Hello friends in this article we will discuss about application of machine learning multiple choice questions and answers.
1) Automatic speech recognition find a wide variety of applications in the ………. domains
A. Medical Assistance
B. Industrial Robotics
C. Defence and Aviation
D. All of the above
Ans : D
2) Electronic Billing is the category of ……..
A. Healthcare
B. Education
C. Legal Sector
D. Energy
Ans.

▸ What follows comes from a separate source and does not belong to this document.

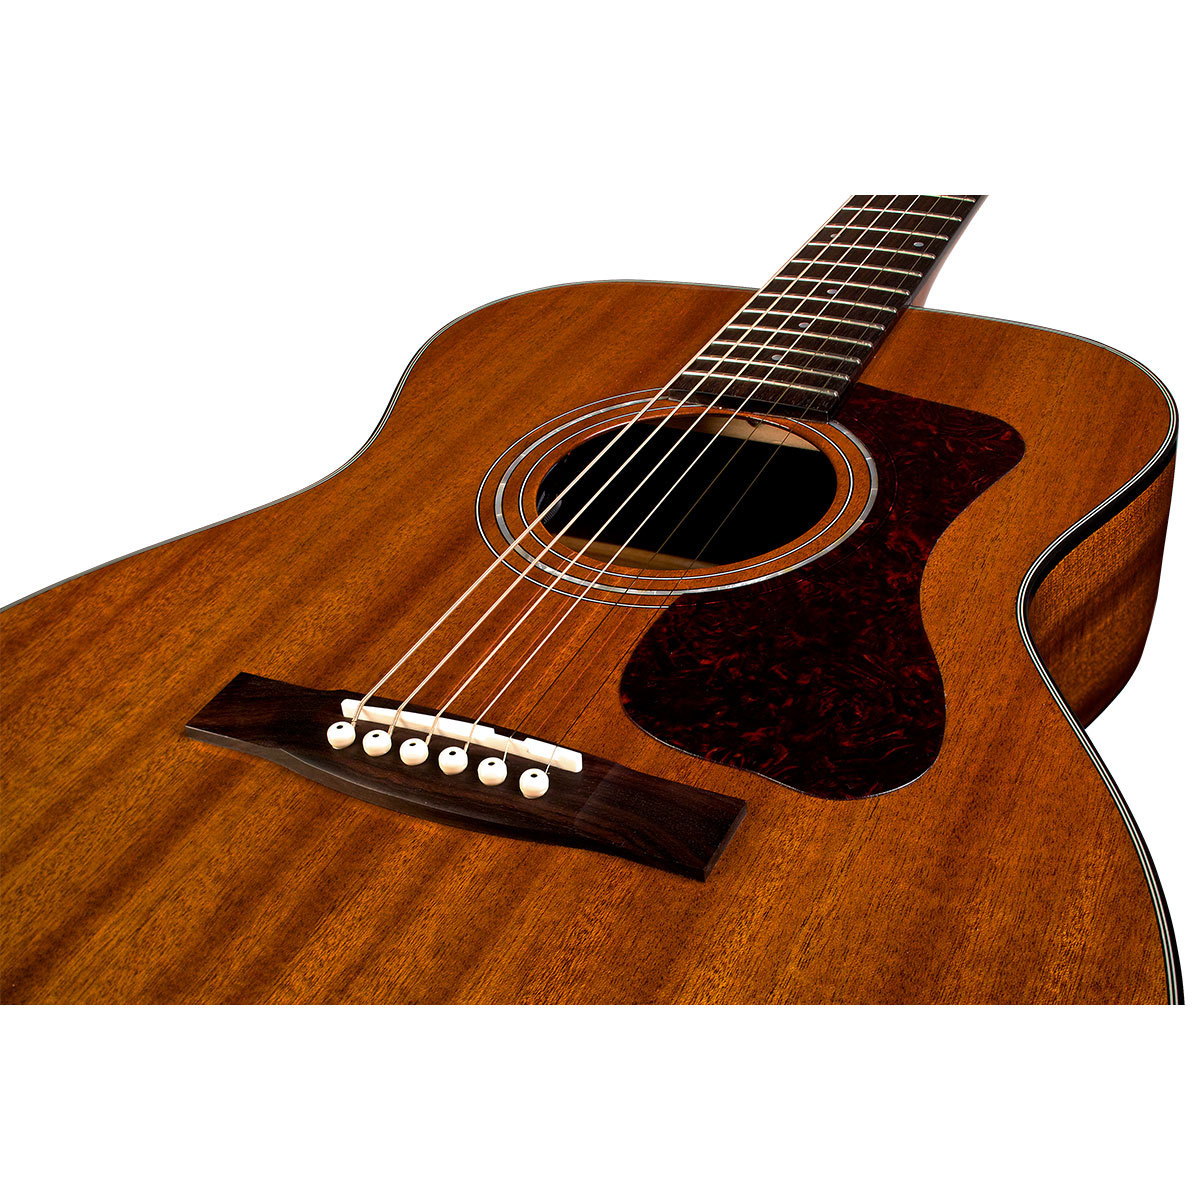 Guild OM-120 Acoustic Guitar with Bag - Natural

C
3) ………. is most significant application is the analysis of skin image that aim to identify skin cancer.
A. Personalized Medicine
B. Accelerating medical research
C. Medical imaging diagnostics
D. Tools for risk identification
Ans : C
4) Transportation allows communication and …..….. between the two parties
A. Record Keeping
B. Trade
C. Producting
D. Insurance
Ans : B
5) Application of machine learning is ……….
A. Email Filtering
B. Sentimental Analysis
C. Face Recognition
D. All of the above
Ans : D
6) Machine learning is an application of …………
A. Blockchain
B. Artificial Intelligence
C. Both A and B
D. None of the above
Ans : B
7) ……….. is the machine learning algorithms that can be used with labelled data
A. Regression Algorithms
B. Clustering Algorithms
C. Association Algorithms
D. All of the above
Ans : A
8) ………. is the machine learning algorithms that can be used with unlabelled data
A. Regression Algorithms
B.Clustering Algorithms
C. Association Algorithms
D. All of the above
Ans : B
9) Which among the following algorithms are used in Machine learning?
A. Naive Bayes
B. Support Vector Machines
C. K-Nearest Neighbors
D. All of the above
Ans : D
10) ………. is a disadvantage of decision trees?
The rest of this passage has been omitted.